Published in final edited form as: Proc SPIE Int Soc Opt Eng. 2017 Mar 13;10137:101370O. doi: 10.1117/12.2254442

Brain structure in sagittal craniosynostosis

Beatriz Paniagua a, Sunghyung Kim b, Mahmoud Moustapha b, Martin Styner b, Heather Cody-Hazlett c, Rachel Gimple-Smith c, Ashley Rumple b, Joseph Piven c, John Gilmore b, Gary Skolnick d, Kamlesh Patel d
PMCID: PMC5956895  NIHMSID: NIHMS964480  PMID: 29780195

Abstract

Craniosynostosis, the premature fusion of one or more cranial sutures, leads to grossly abnormal head shapes and pressure elevations within the brain caused by these deformities. To date, accepted treatments for craniosynostosis involve improving surgical skull shape aesthetics. However, the relationship between improved head shape and brain structure after surgery has not been yet established. Typically, clinical standard care involves the collection of diagnostic medical computed tomography (CT) imaging to evaluate the fused sutures and plan the surgical treatment. CT is known to provide very good reconstructions of the hard tissues in the skull but it fails to acquire good soft brain tissue contrast. This study intends to use magnetic resonance imaging to evaluate brain structure in a small dataset of sagittal craniosynostosis patients and thus quantify the effects of surgical intervention in overall brain structure. Very importantly, these effects are to be contrasted with normative shape, volume and brain structure databases. The work presented here wants to address gaps in clinical knowledge in craniosynostosis focusing on understanding the changes in brain volume and shape secondary to surgery, and compare those with normally developing children. This initial pilot study has the potential to add significant quality to the surgical care of a vulnerable patient population in whom we currently have limited understanding of brain developmental outcomes.
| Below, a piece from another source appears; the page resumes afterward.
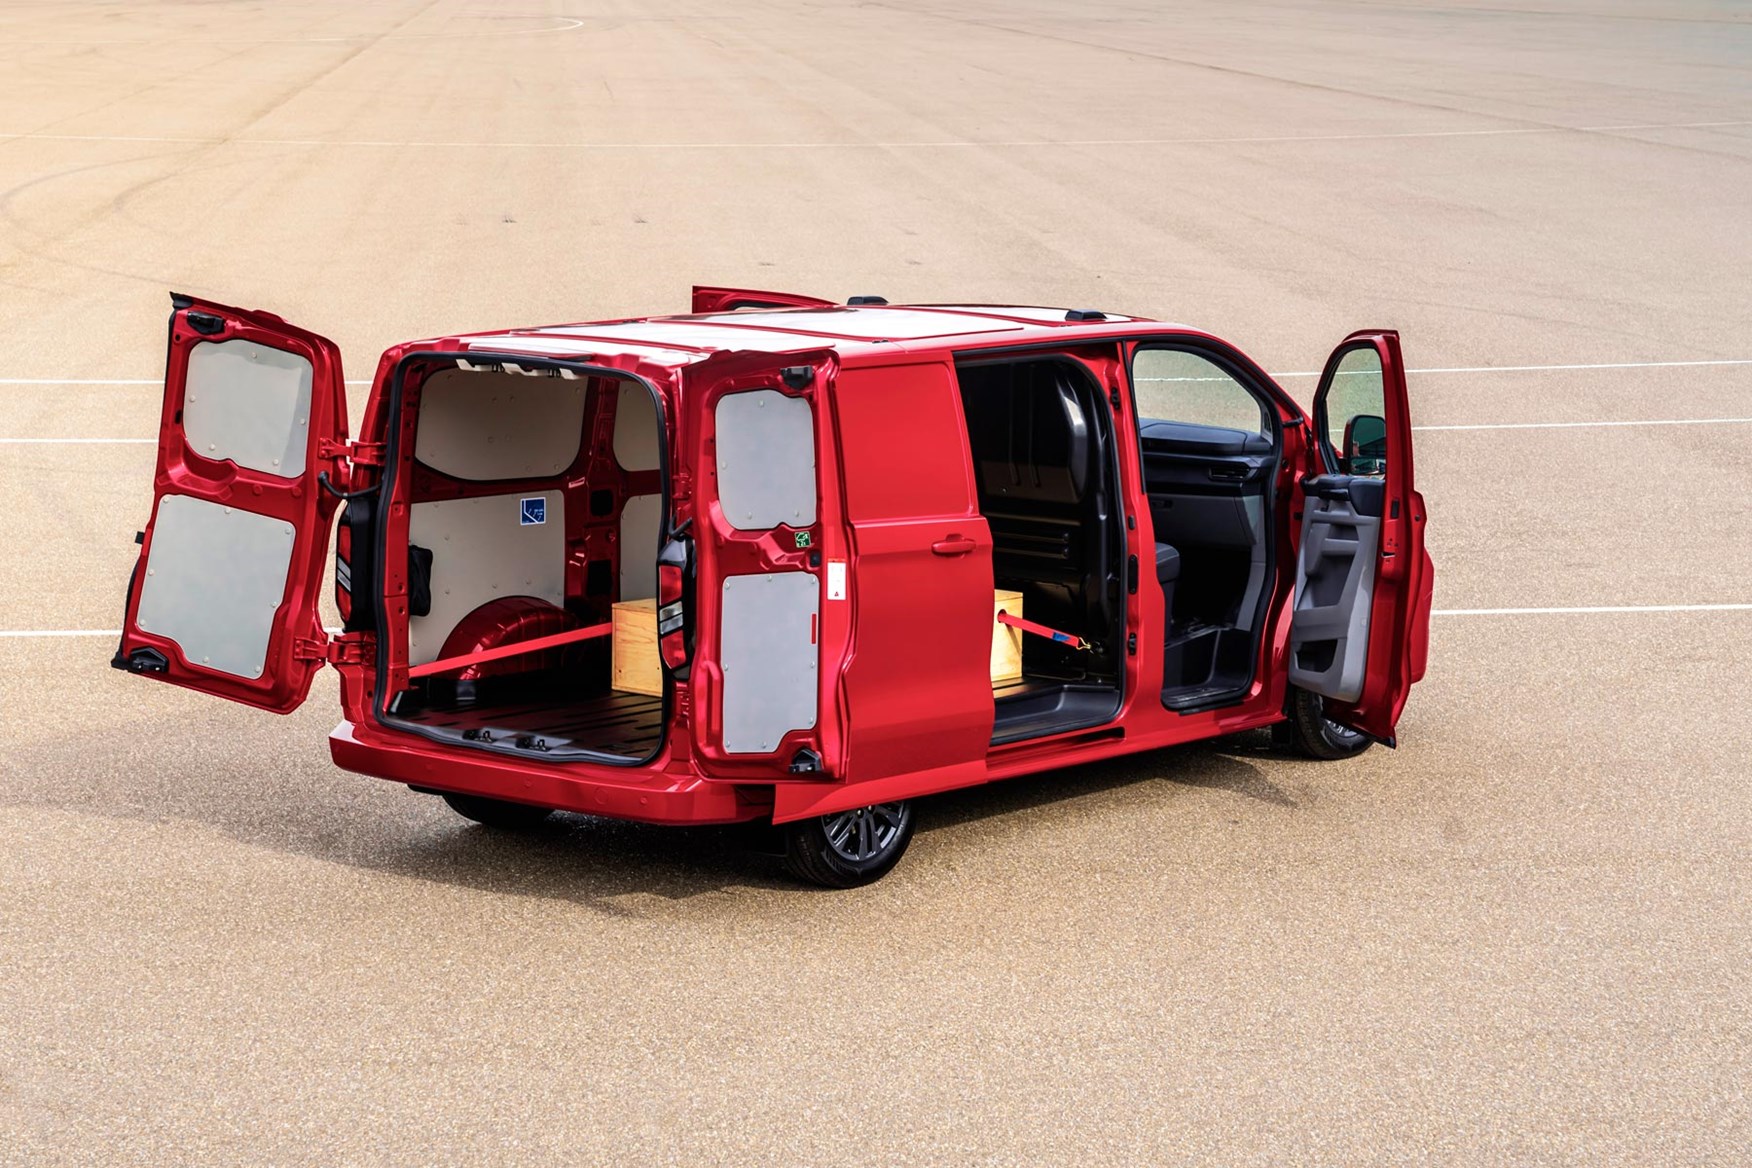 Ford has made the Transit Custom's rear loading bay easier to get in and out of.

Keywords: Full vault reconstructive surgery, sagittal craniosynostosis, Osteoarthritis, Statistical Shape Analysis, Brain Tissue segmentation, Computer Assisted Intervention Planning

1. INTRODUCTION

Craniosynostosis, the premature fusion of one or more cranial sutures, leads to grossly abnormal head shapes and pressure elevations within the brain caused by these deformities1. Historically, sagittal synostosis has been the predominant type, occurring in 1 of 5000 births2,3. Sagittal craniosynostosis involves an early closure of the sagittal suture. This suture runs front to back, down the middle of the top of the head. This fusion causes a long, narrow skull. The skull is long from front to back and narrow from ear to ear. Sagittal synostosis may be observed in syndromic craniosynostosis, and it might present itself paired with a coronal or lamboid suture synostosis.

To date, accepted treatments for craniosynostosis involve improving surgical skull shape aesthetics4. Without medical intervention, these skull shapes persist, and worsen with on-going growth. However, relationships between improved head shape after surgery and other developmental outcomes such as brain structure and shape have not been established.

A current gap in the understanding craniosynostosis is the absence brain structural data that could allow the study of brain before and after surgery, and thus the quantification of any effects of surgical intervention. Also, assumptions are made that improved skull shape leads to normalized brain volume and shape. However, these assumptions must be tested with data that characterize peri-operative brain shape and volume and compare it with normative databases of brain development. Another existing gap is that typically, clinical standard care in craniosynostosis involves the collection of diagnostic medical computed tomography (CT) imaging to evaluate the fused sutures and plan the surgical treatment. CT is known to provide very good reconstructions of the hard tissues in the skull but it fails to acquire good soft brain tissue contrast.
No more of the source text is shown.